• **ABOUT THIS EXERCISE**: Your copy should begin with the line containing "breaker - Red", end with the line containing "Lenovo 2x ThinkPad", match the listing below exactly, and contain no pictures.

• **DATASET EXTRACT**:
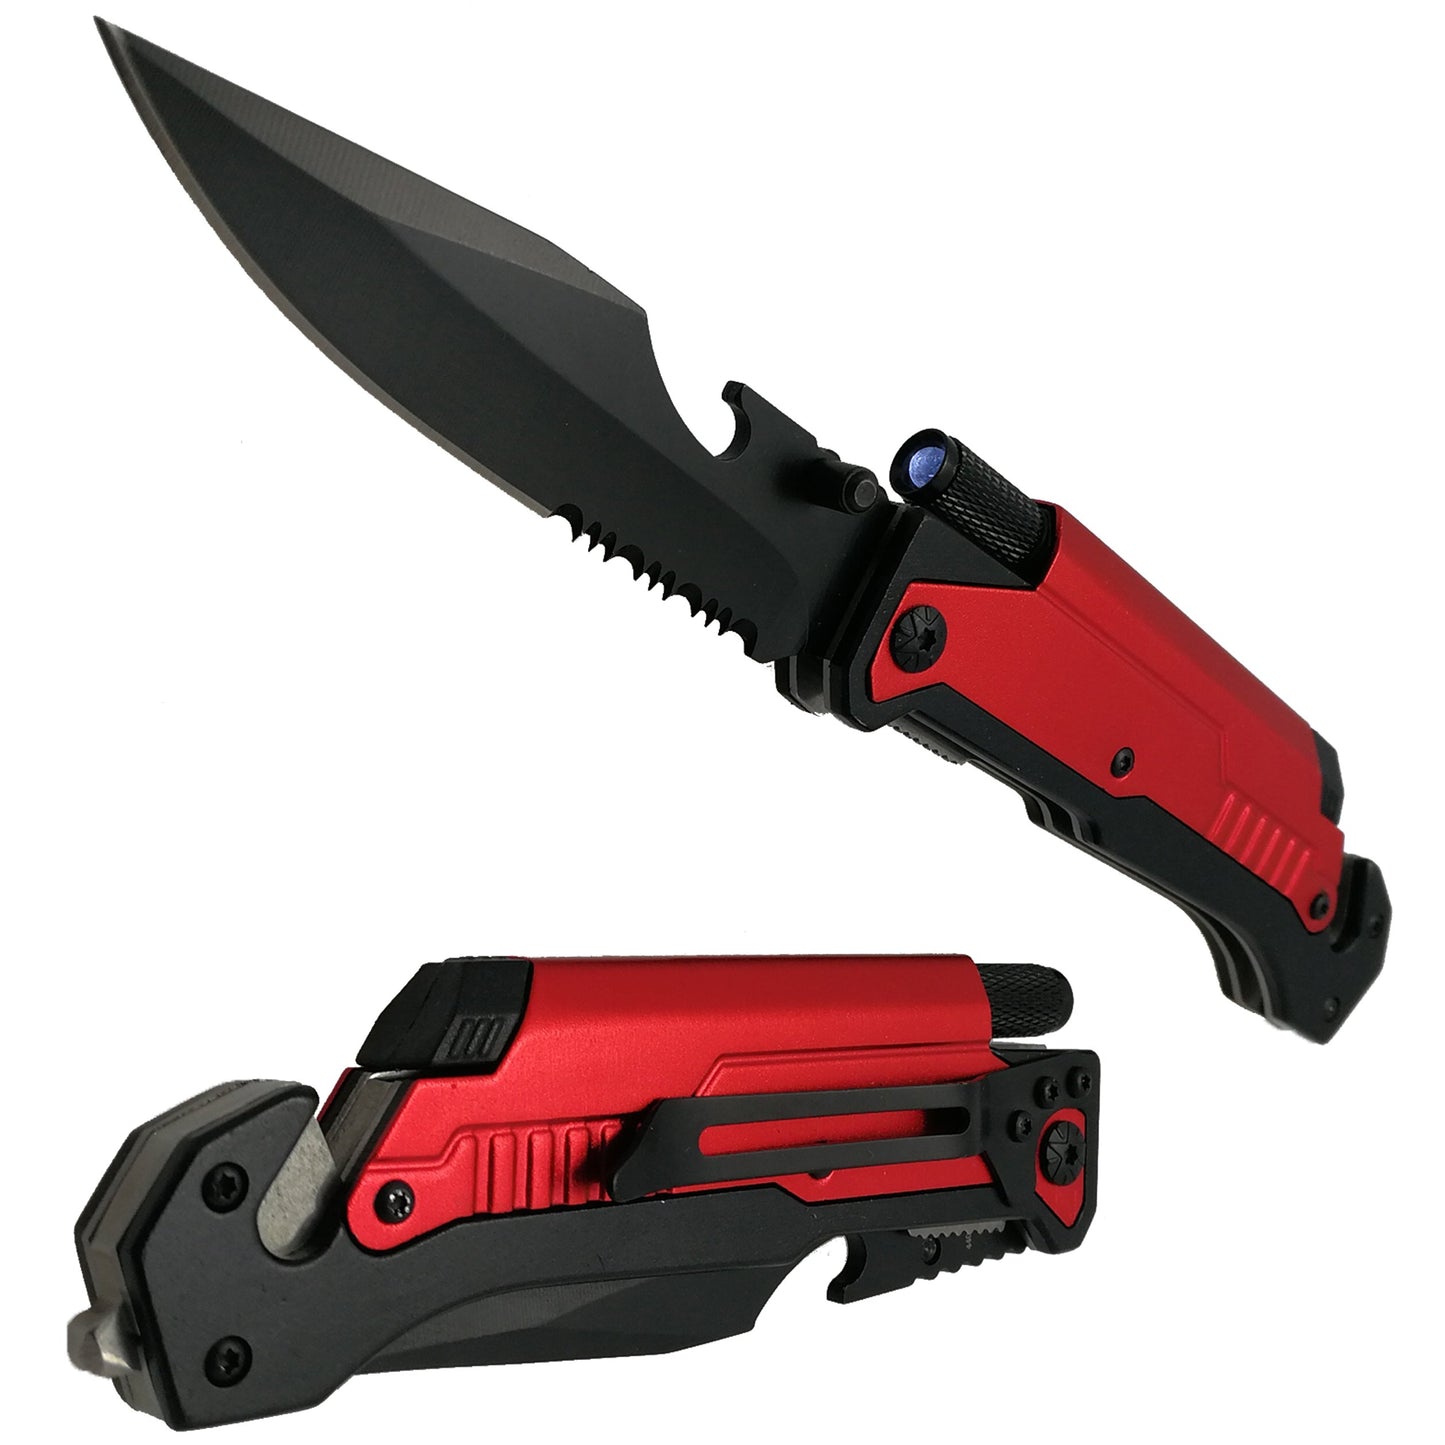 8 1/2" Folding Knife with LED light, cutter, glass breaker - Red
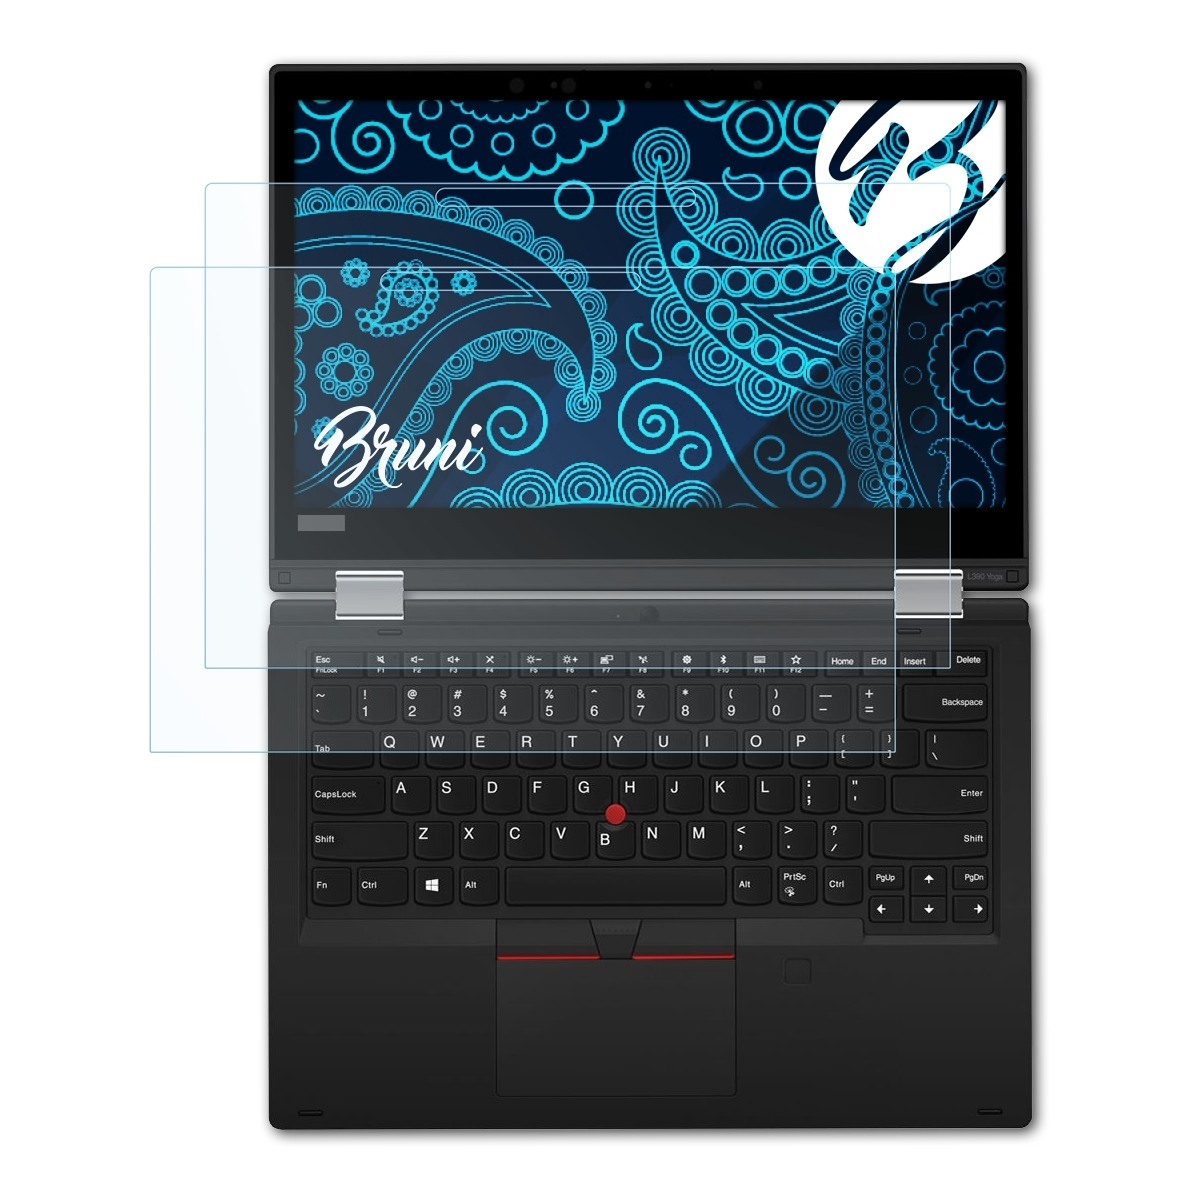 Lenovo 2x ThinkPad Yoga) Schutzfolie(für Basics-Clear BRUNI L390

...

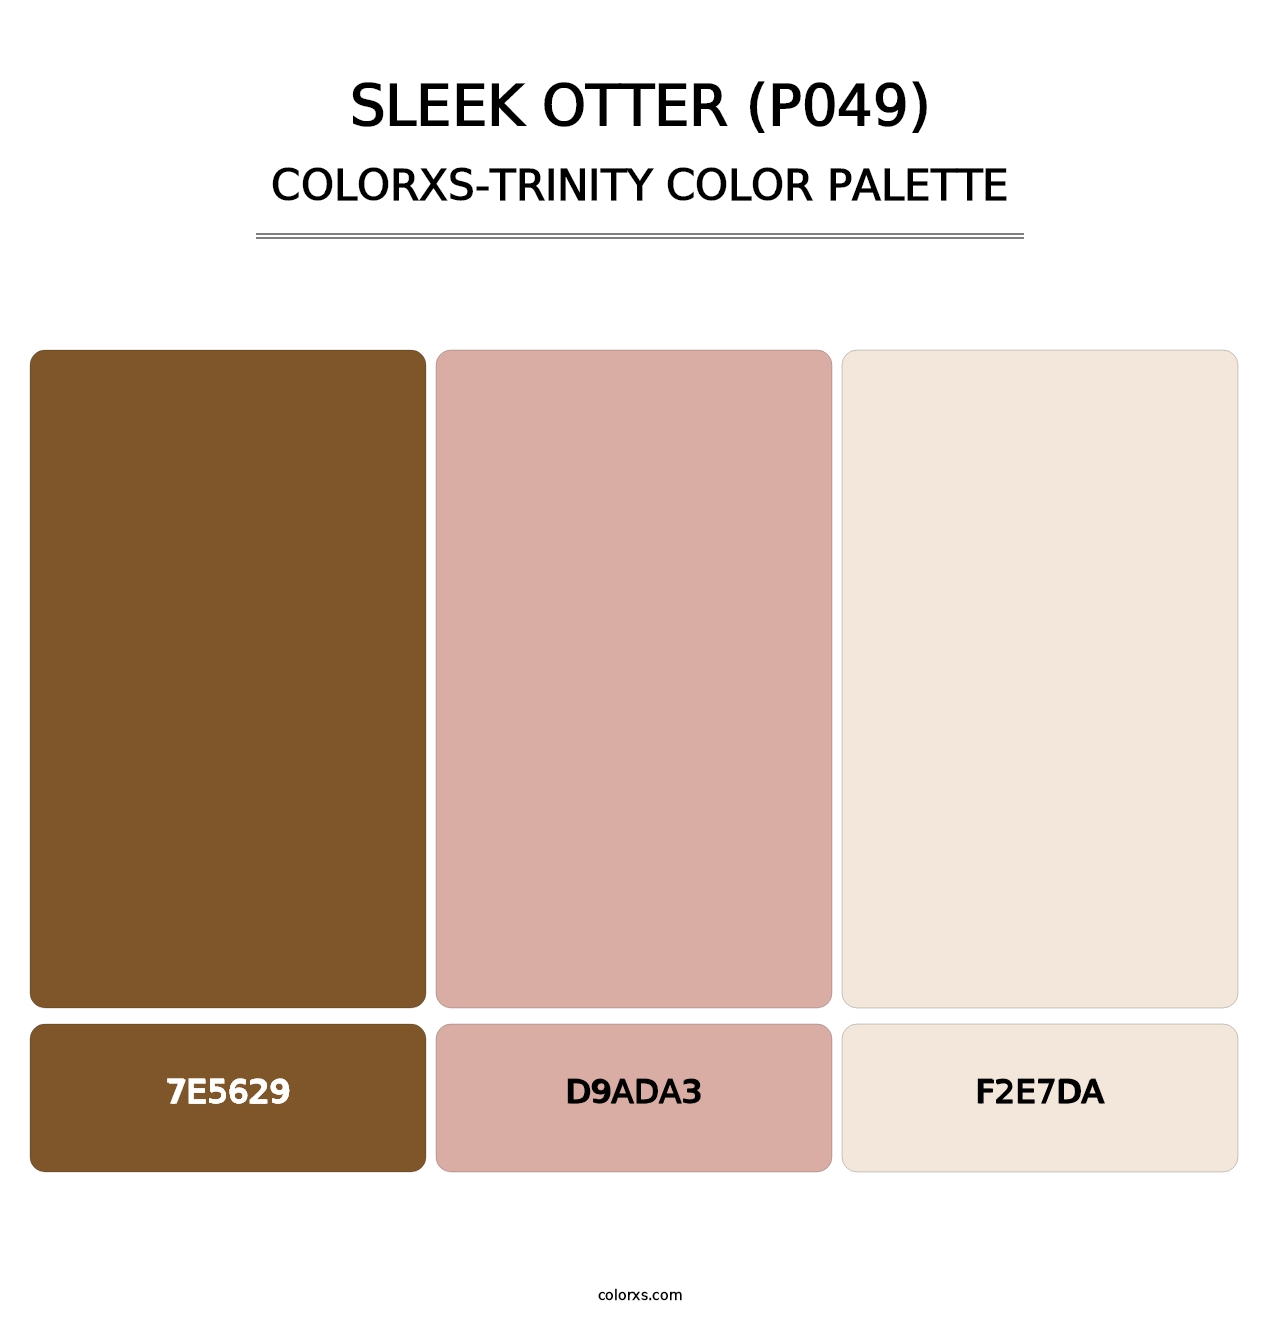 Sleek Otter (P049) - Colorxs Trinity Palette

• **TASK OUTPUT**:
 8 1/2" Folding Knife with LED light, cutter, glass breaker - Red
 Lenovo 2x ThinkPad Yoga) Schutzfolie(für Basics-Clear BRUNI L390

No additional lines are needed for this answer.